Records for the task:
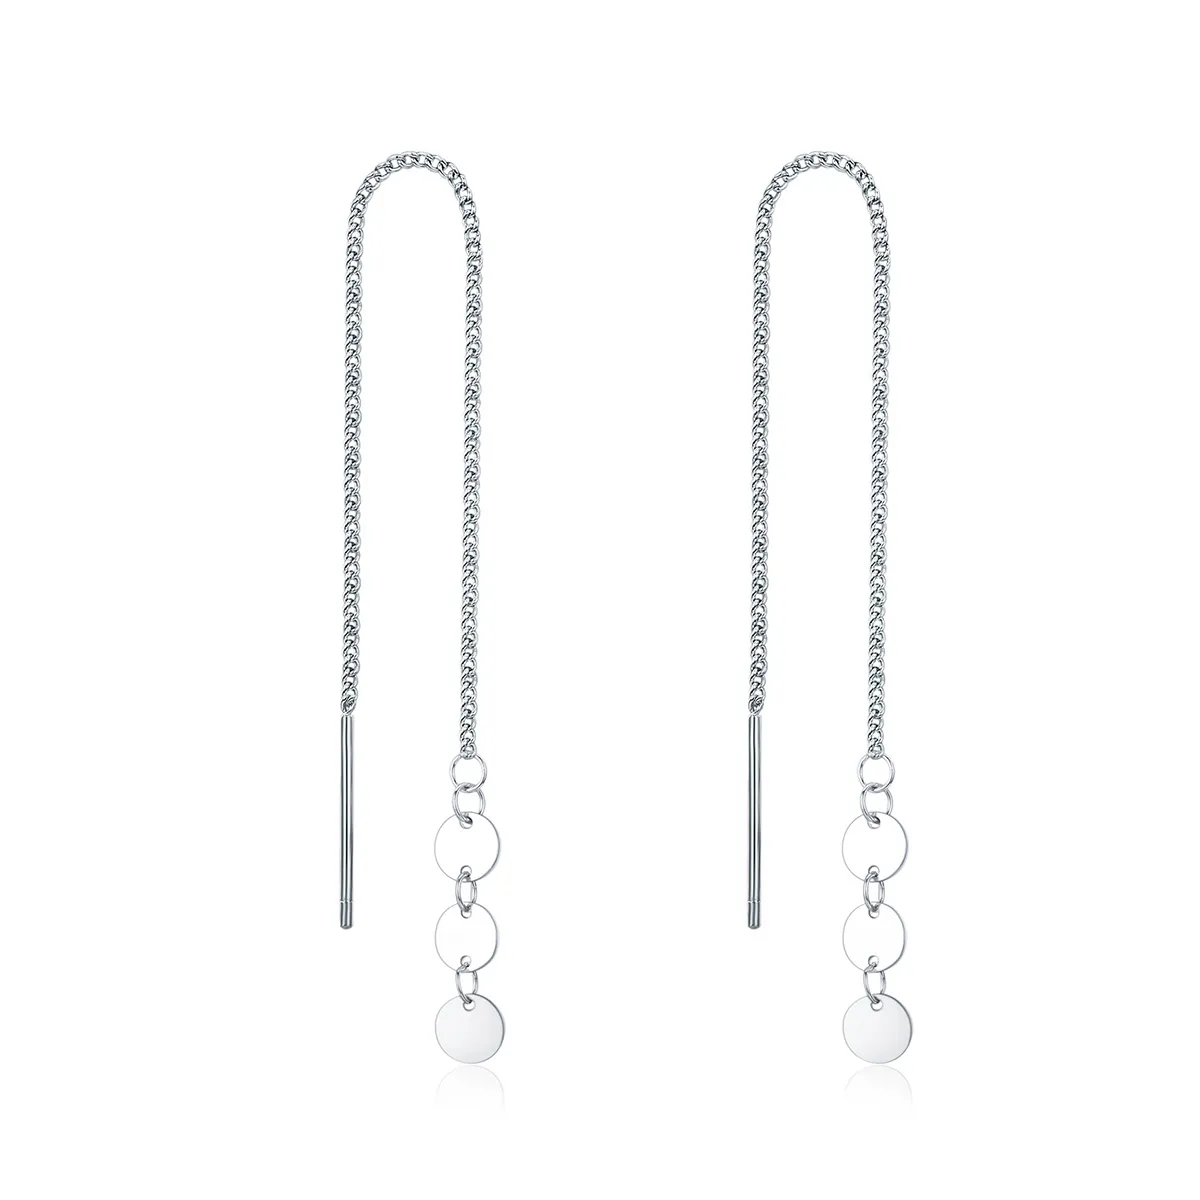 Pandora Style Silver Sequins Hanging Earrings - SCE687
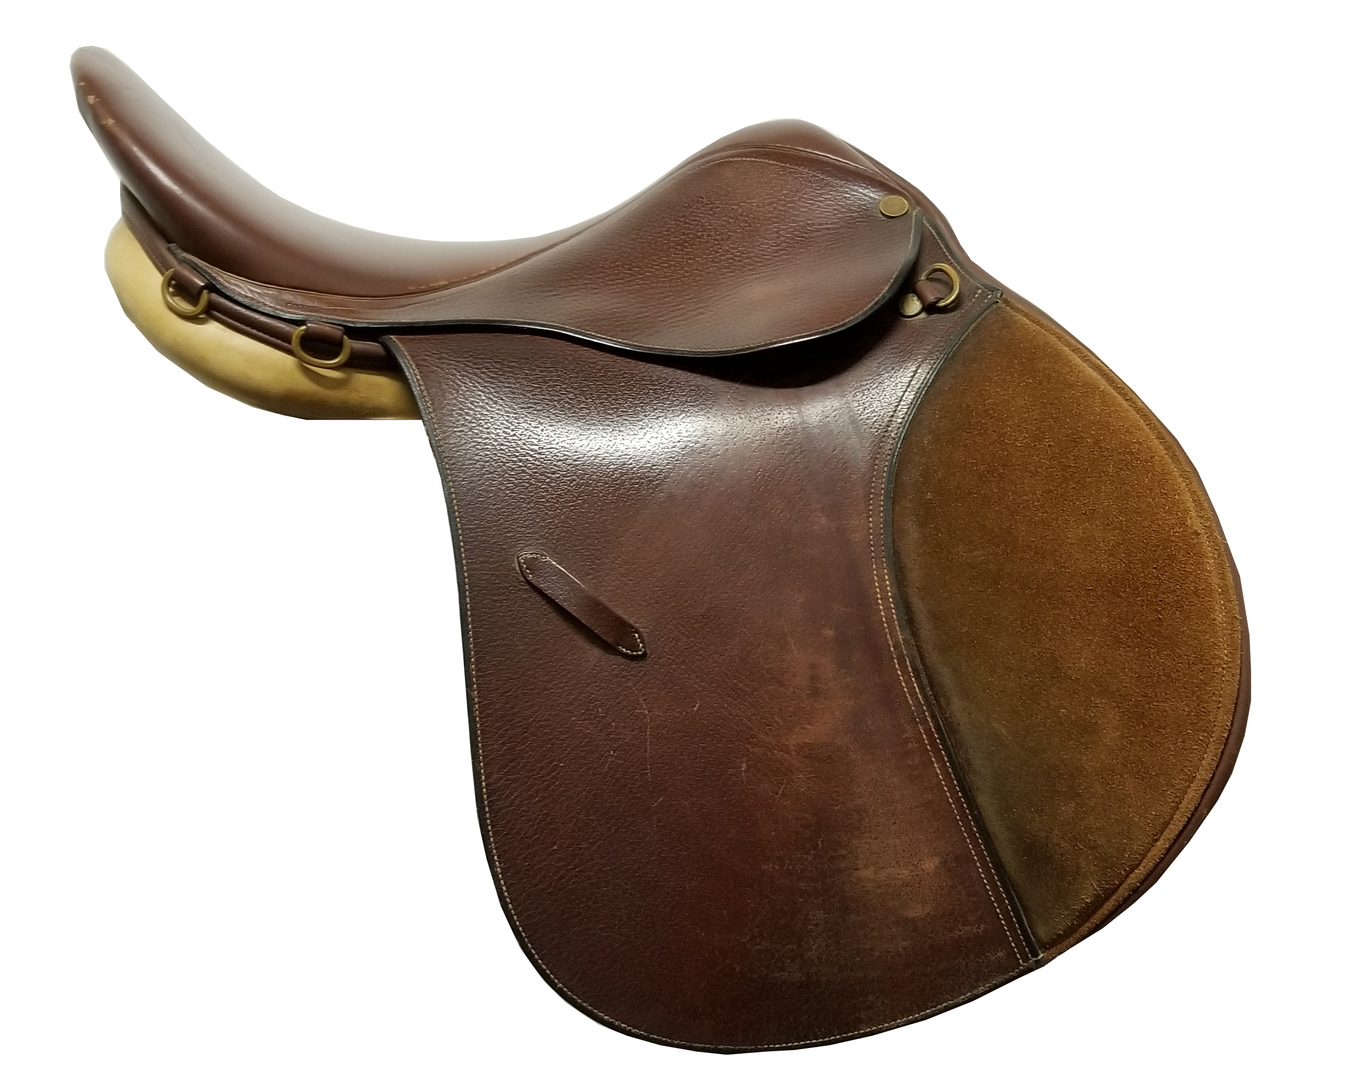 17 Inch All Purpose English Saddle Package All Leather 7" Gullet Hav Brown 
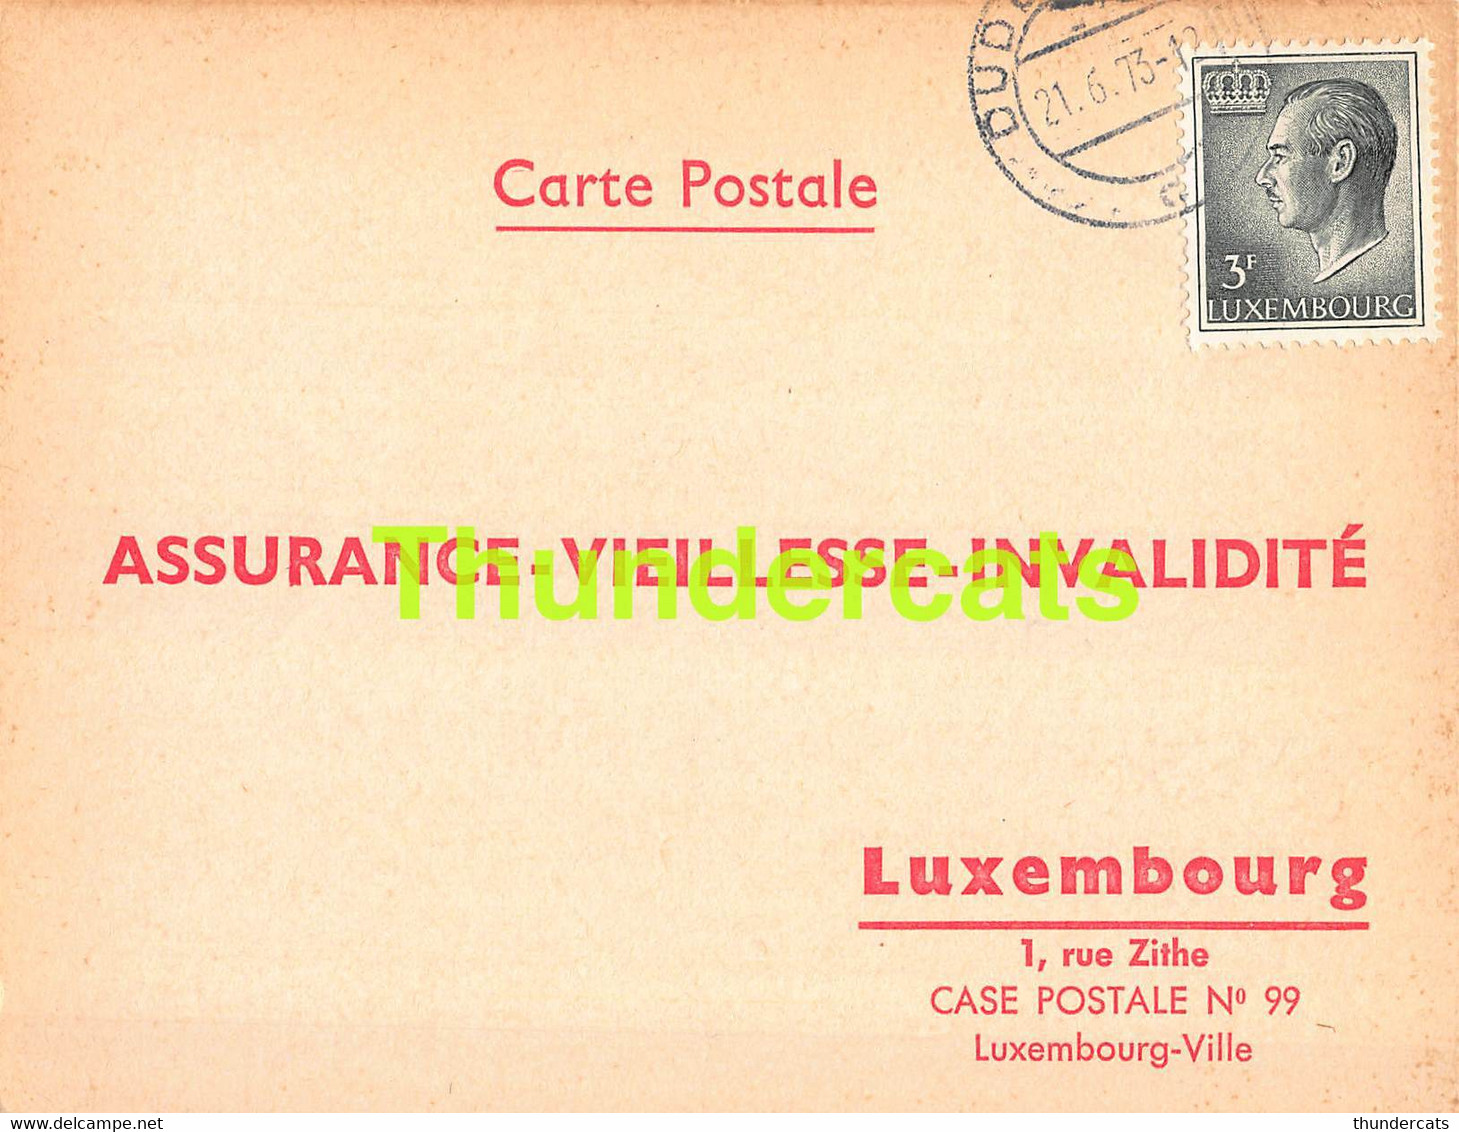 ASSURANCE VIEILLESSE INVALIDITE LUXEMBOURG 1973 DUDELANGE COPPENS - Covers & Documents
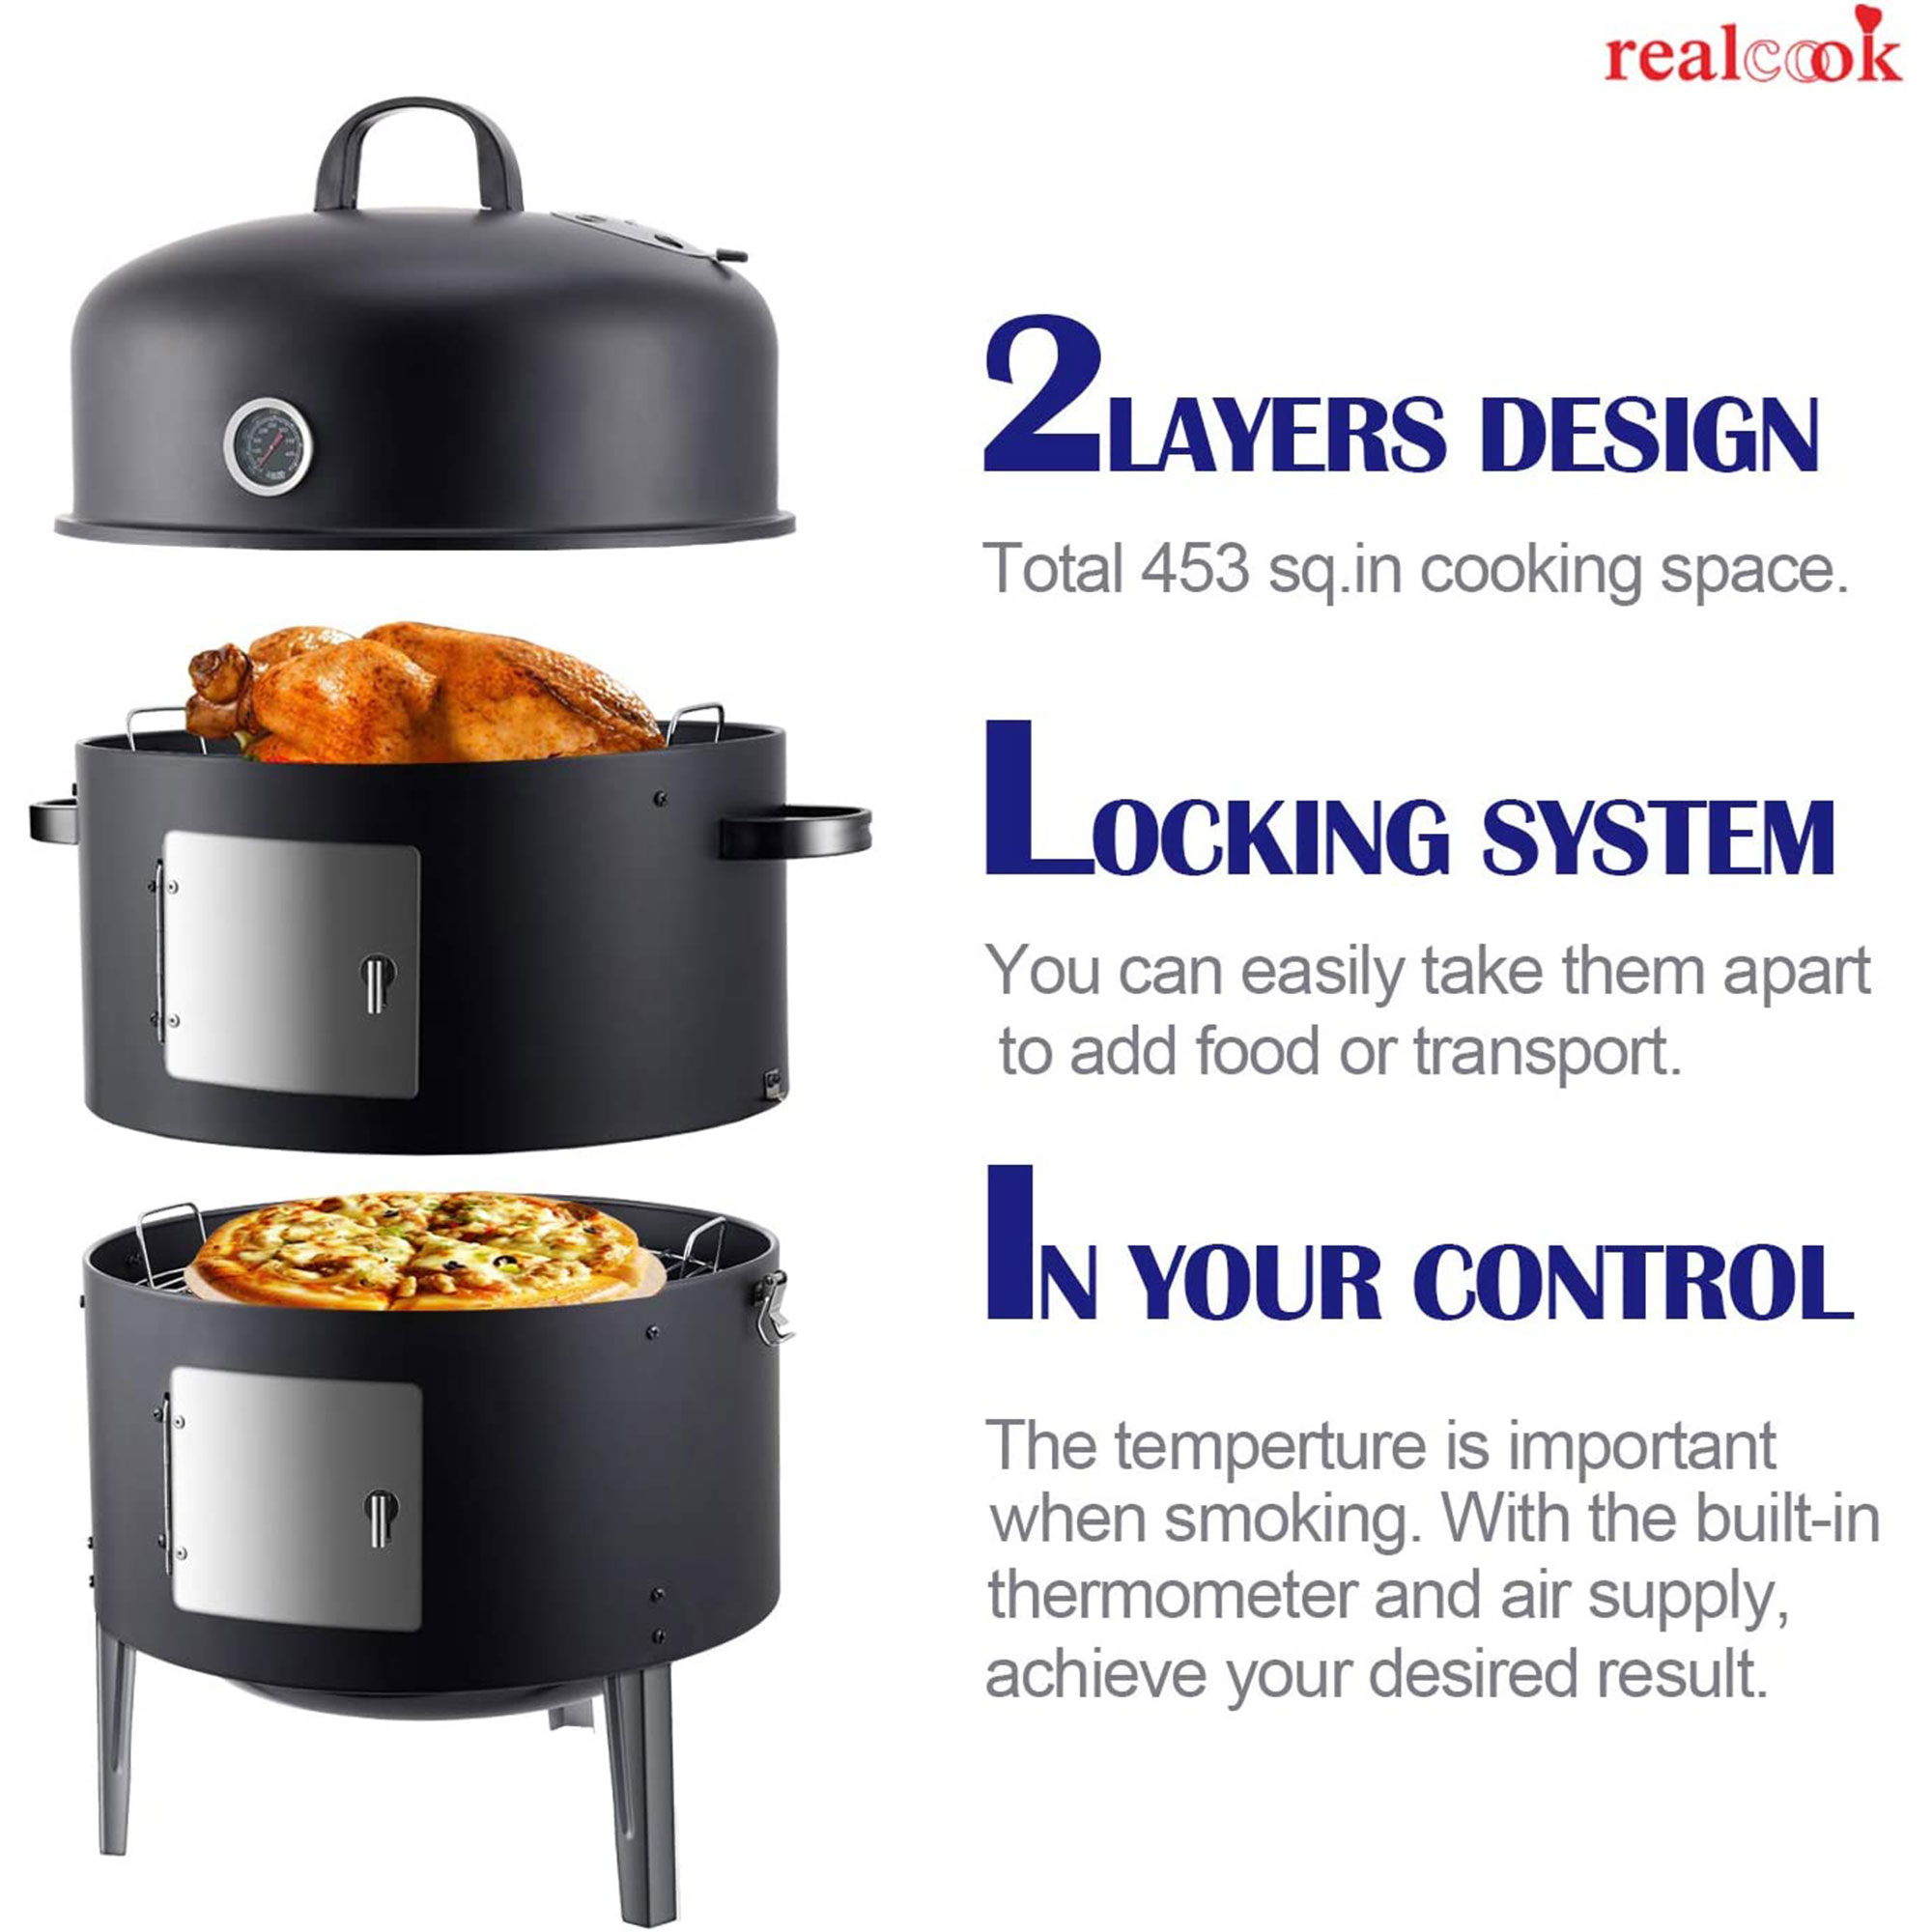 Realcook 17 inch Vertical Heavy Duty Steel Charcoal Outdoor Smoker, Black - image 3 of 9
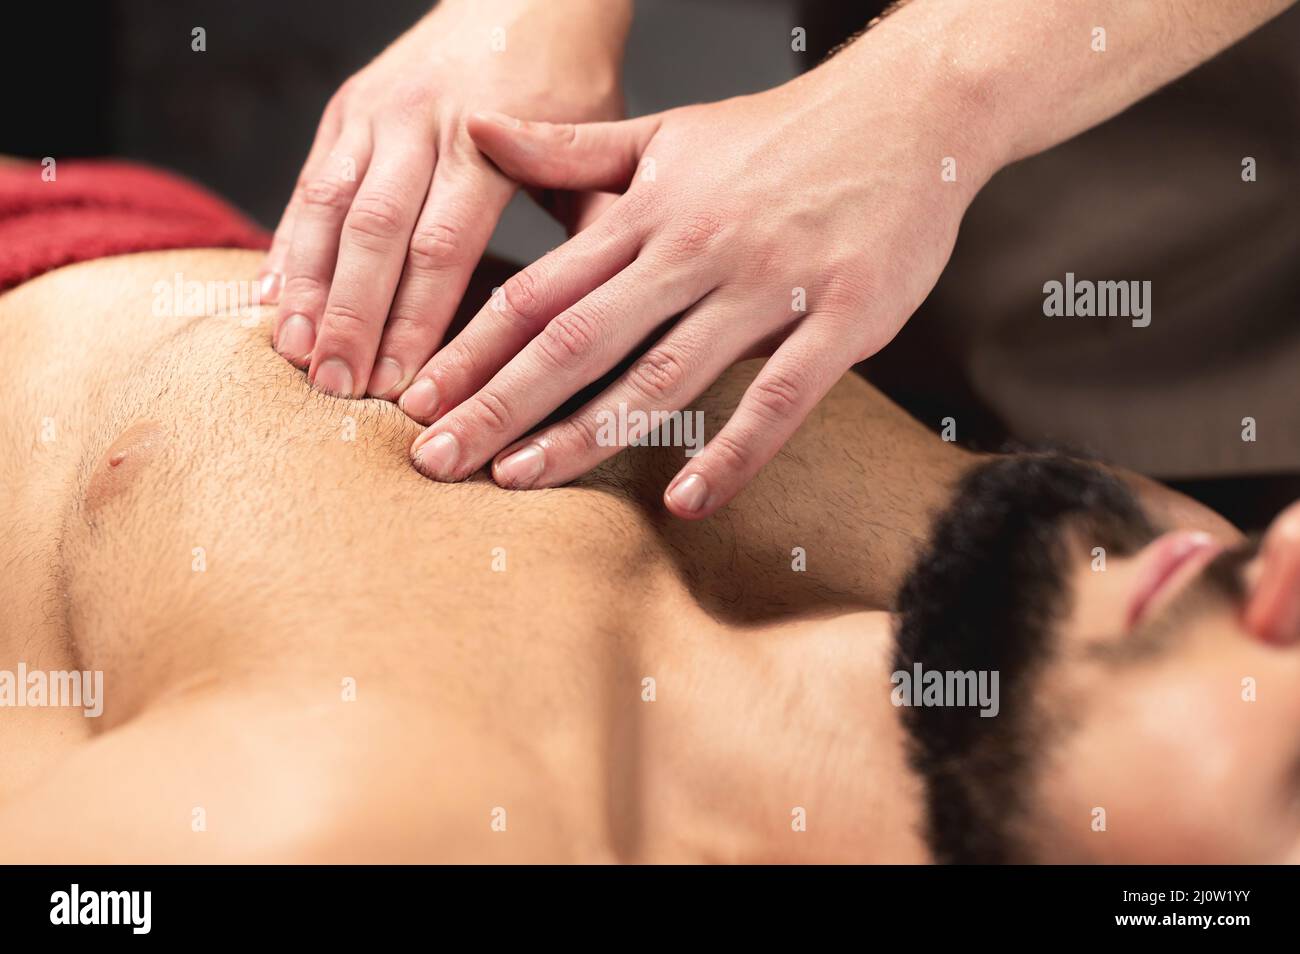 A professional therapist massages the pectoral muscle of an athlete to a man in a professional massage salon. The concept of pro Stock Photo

The task: From the material above, copy everything exactly but the pictures.

Exercise result:
 Pandora Style Silver Sequins Hanging Earrings - SCE687
 17 Inch All Purpose English Saddle Package All Leather 7" Gullet Hav Brown 
 ASSURANCE VIEILLESSE INVALIDITE LUXEMBOURG 1973 DUDELANGE COPPENS - Covers & Documents
 Realcook 17 inch Vertical Heavy Duty Steel Charcoal Outdoor Smoker, Black - image 3 of 9
 A professional therapist massages the pectoral muscle of an athlete to a man in a professional massage salon. The concept of pro Stock Photo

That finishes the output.